My notes on The Devil’s Doorway
Set in 1960, this Irish found footage horror film has stylistic and thematic parallels with both The Borderlands and The Apparition. Veteran priest Father Thomas Riley (Lalor Roddy) and younger Father John Thornton (Ciaran Flynn) – who handles the camera to keep a record of the case — investigate a statue of the Virgin Mary which seems to be weeping blood, and are drawn into shameful mysteries then overwhelmed by far less benign manifestations. The fresh wrinkle is that the location of the supposed miracle is a Magdalen Laundry, and the horrors at the heart of the story have echoes of the shocking stories that have come out of investigations into these long-standing, Catholic-run institutions, which were for two hundred years used to keep awkward, inconvenient or embarrassing women out of sight. ‘Do you know how many of the babies born here had fathers who were fathers?’ asks the Mother Superior (Helena Bereen) who sees herself as being in charge of hiding away the church’s sins – and punishing girls who have already been victimised. Father Thomas is a veteran of the investigation business, who has ‘never had an experience with the miraculous’, while John still expects to discover evidence of the divine rather than conjuring tricks, fraud or misunderstanding. Thomas has also seen so much human evil he doesn’t need to believe in Satanic influence, even after extensive paranormal activity in the laundry.
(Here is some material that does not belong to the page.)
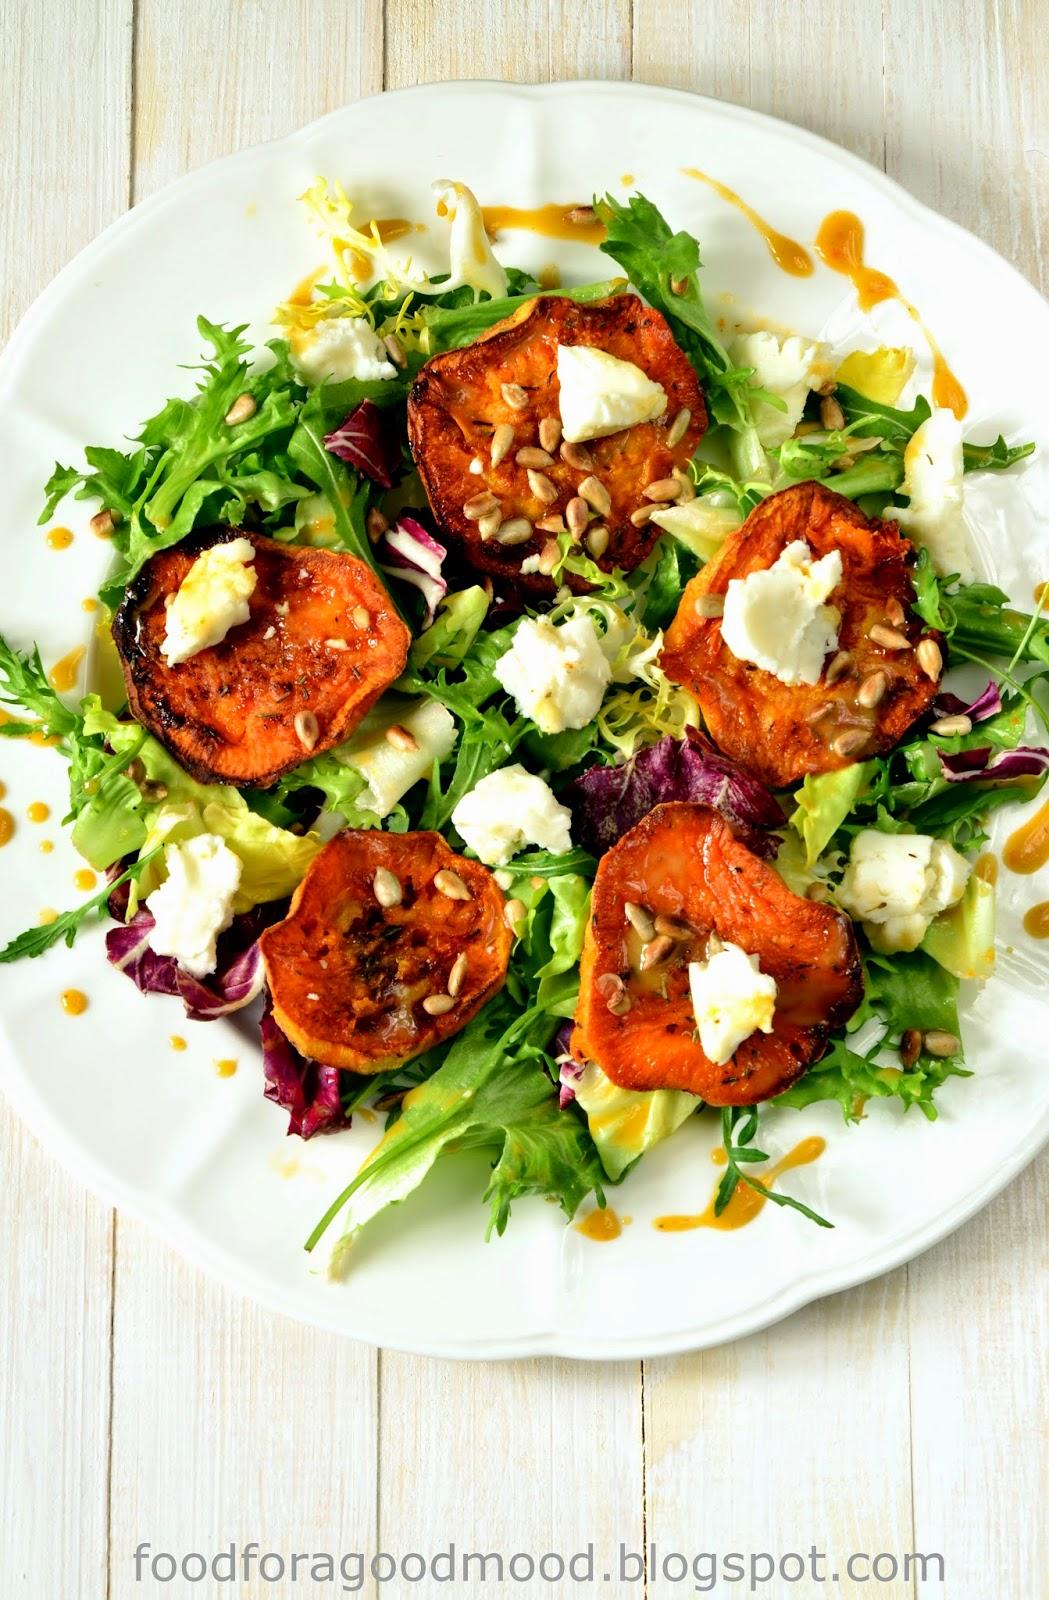 Słodko, słono i pikantnie – czyli batat, ser kozi i chilli. Lekka sałatka z sosem winegret, która świetnie nadaje się na lunch.
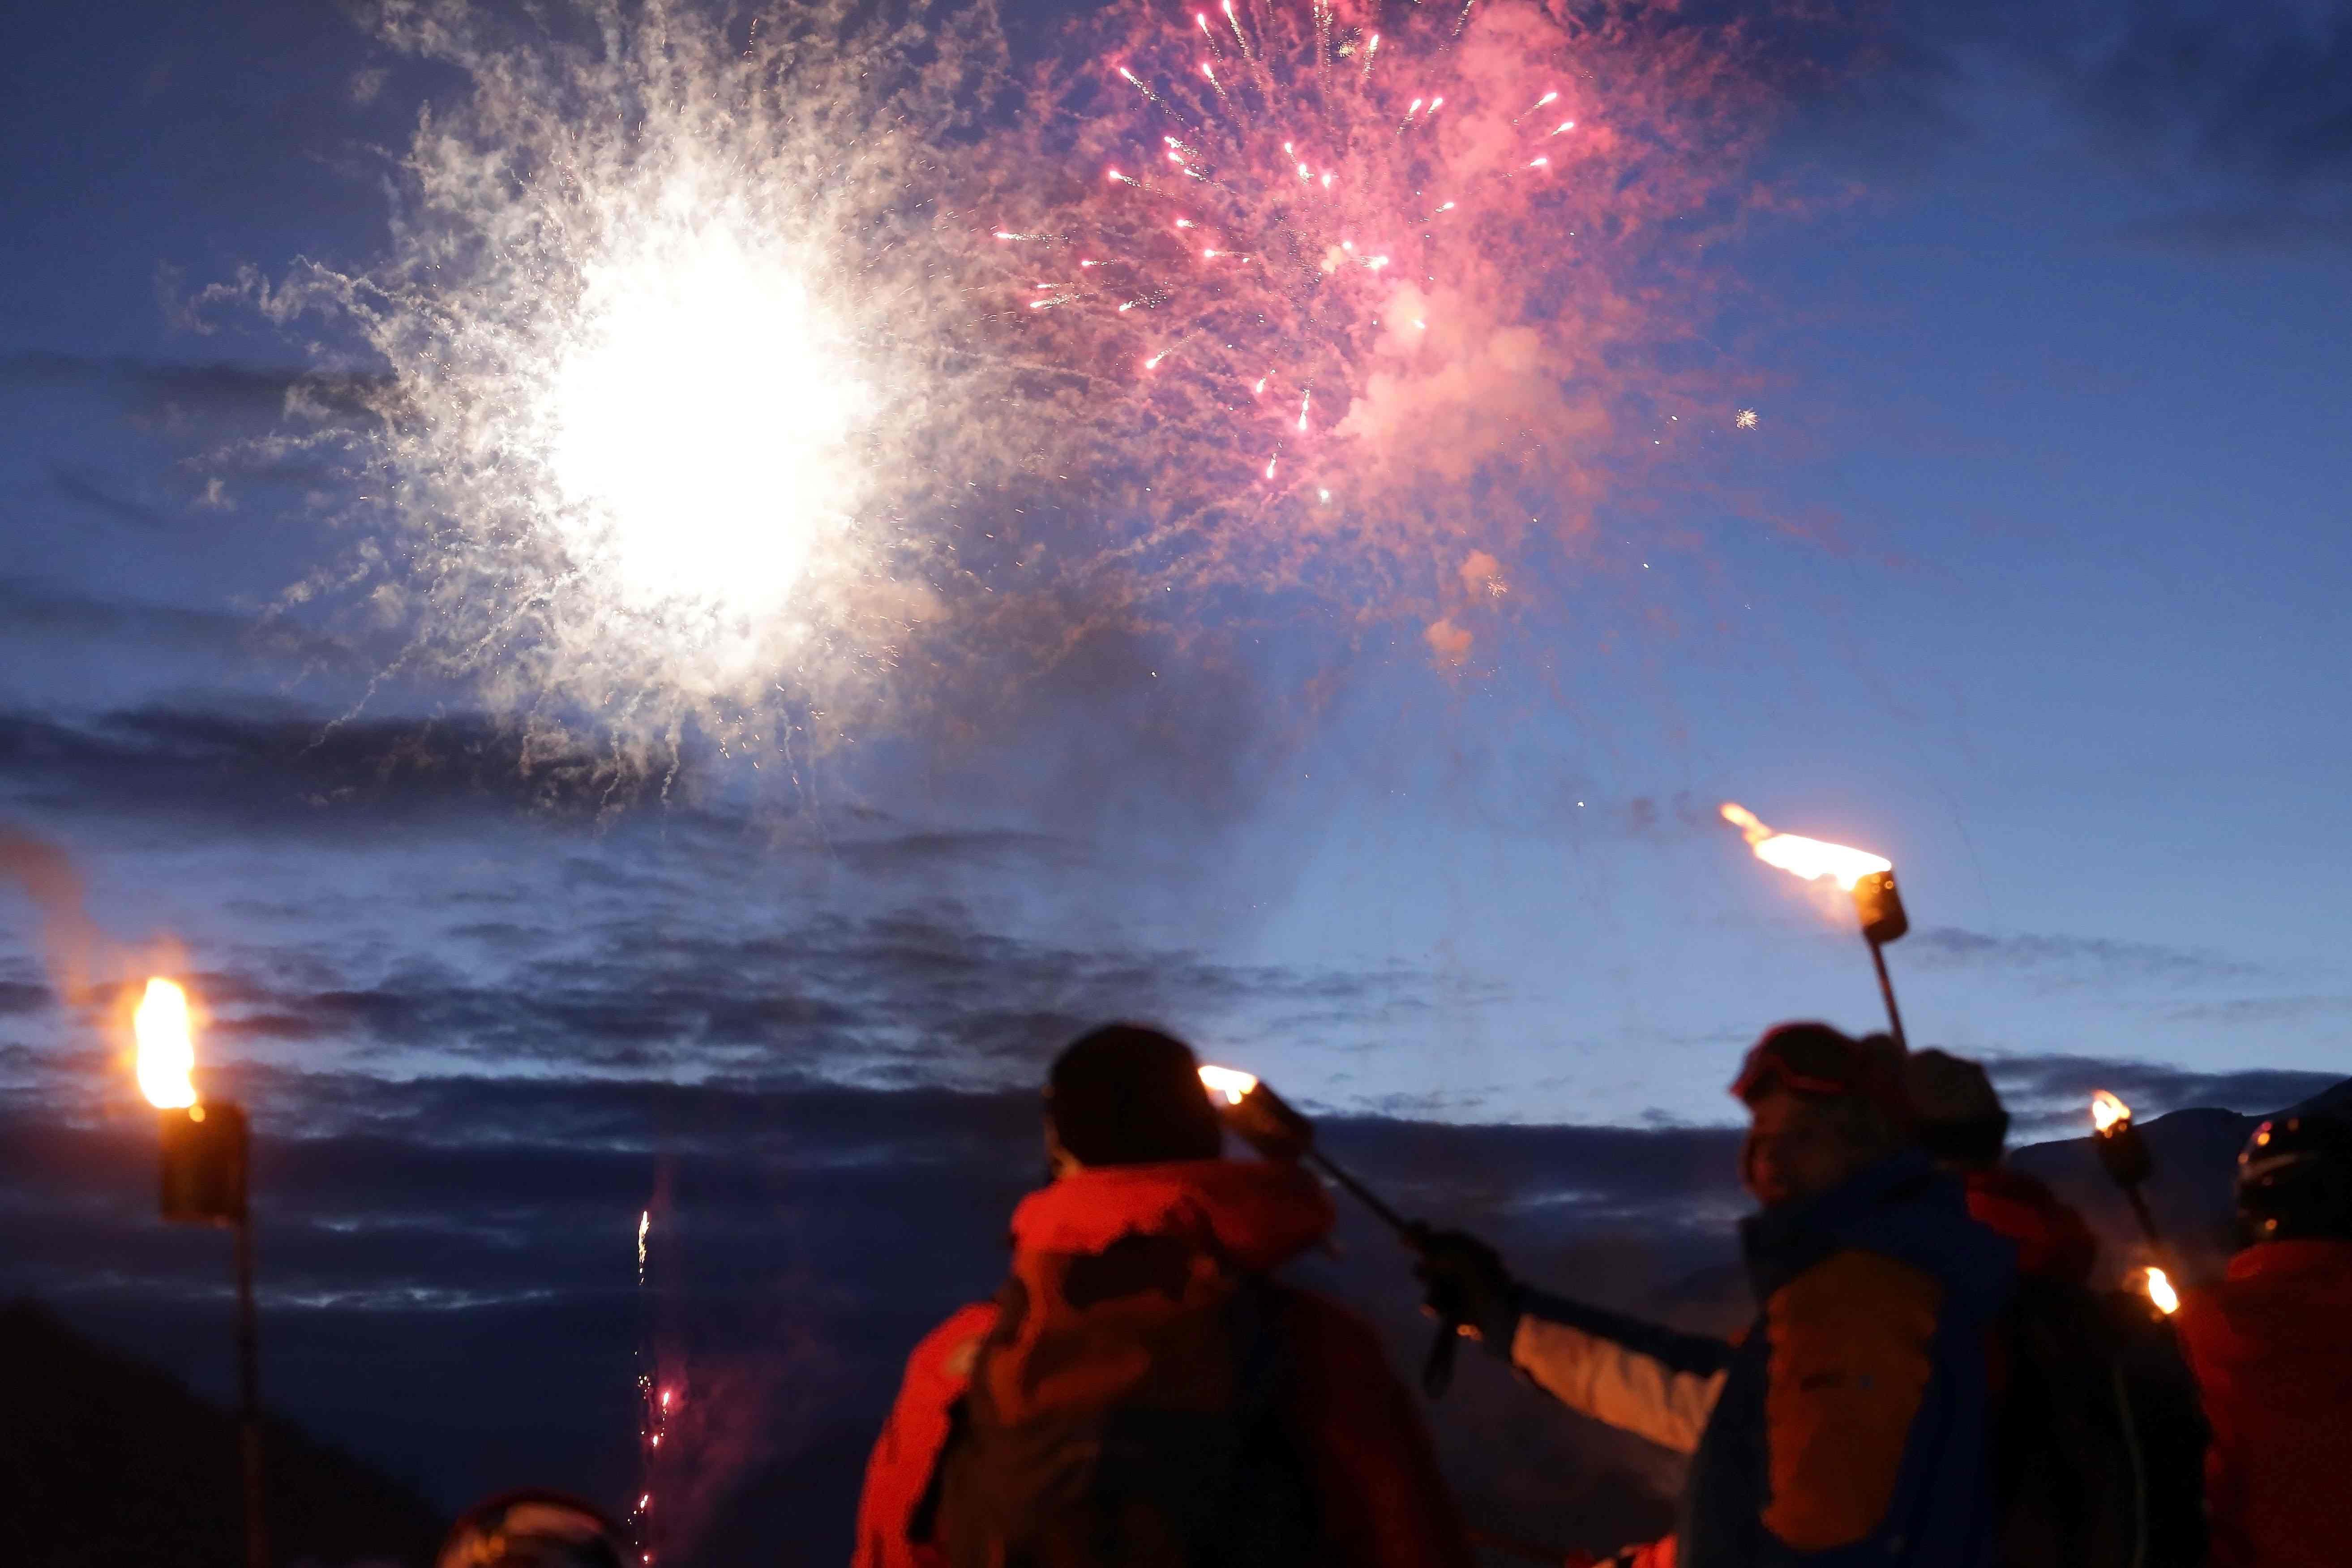 Cerro Castor Bajada de antorchas - Fuegos Artificiales Foto_ Tano Vidal Fotiarb

Directed by Aislinn Clarke, who co-wrote with producers Martin Brennan and Michael B. Jordan, this recreates the look (and aspect ratio) of 1960s home movies, though Clarke includes video diary-style sequences of Father John talking to the camera after he’s started glimpsing and hearing the spooky playful children Mother Superior insists are no longer kept in the house. Breaking with the strict documentary style, the film layers in an effective, sparse music score by Andrew Simon McAllister (who scored the documentary Hostage to the Devil) to augment the drips, creaks, titters, crunches, crackles and footfalls which continue even when the screen goes dark. More ghost story than possession drama, though demonic powers do show up, the film manages some effective spookery, with misdirection followed by a jump scare as the camera is drawn slowly, jerkily to creepy abandoned playthings before sudden movements or noises from unexpected regions of the frame interrupt. The deep anger at authentic church injustice makes an interesting contrast with the conservative, pro-Catholic (indeed, even pro-abuse) attitudes of high-profile demon movies like The Exorcist or The Exorcism of Emily Rose, delving into historical crimes committed out of hypocritical expedience rather than actual fanaticism.
It ventures into more conventional genre dark places as, like the church investigators in The Borderlands, the priests wind up exploring oppressive underground chambers – strewn with evidence of evil going back centuries – as found footage horror film conventions close in on them (‘these tunnels all look the same’) like crushing walls in a cliffhanger serial ending. Roddy, Flynn and Bereen are handed stock clergy types (boozing cynic, naïve idealist, oppressive tyrant) but give them real individuality as the characters are put under pressure. Roddy, in particular, is affecting when praying in the dark – though the answer that comes isn’t reassuring in the least. Clarke is a real genre talent.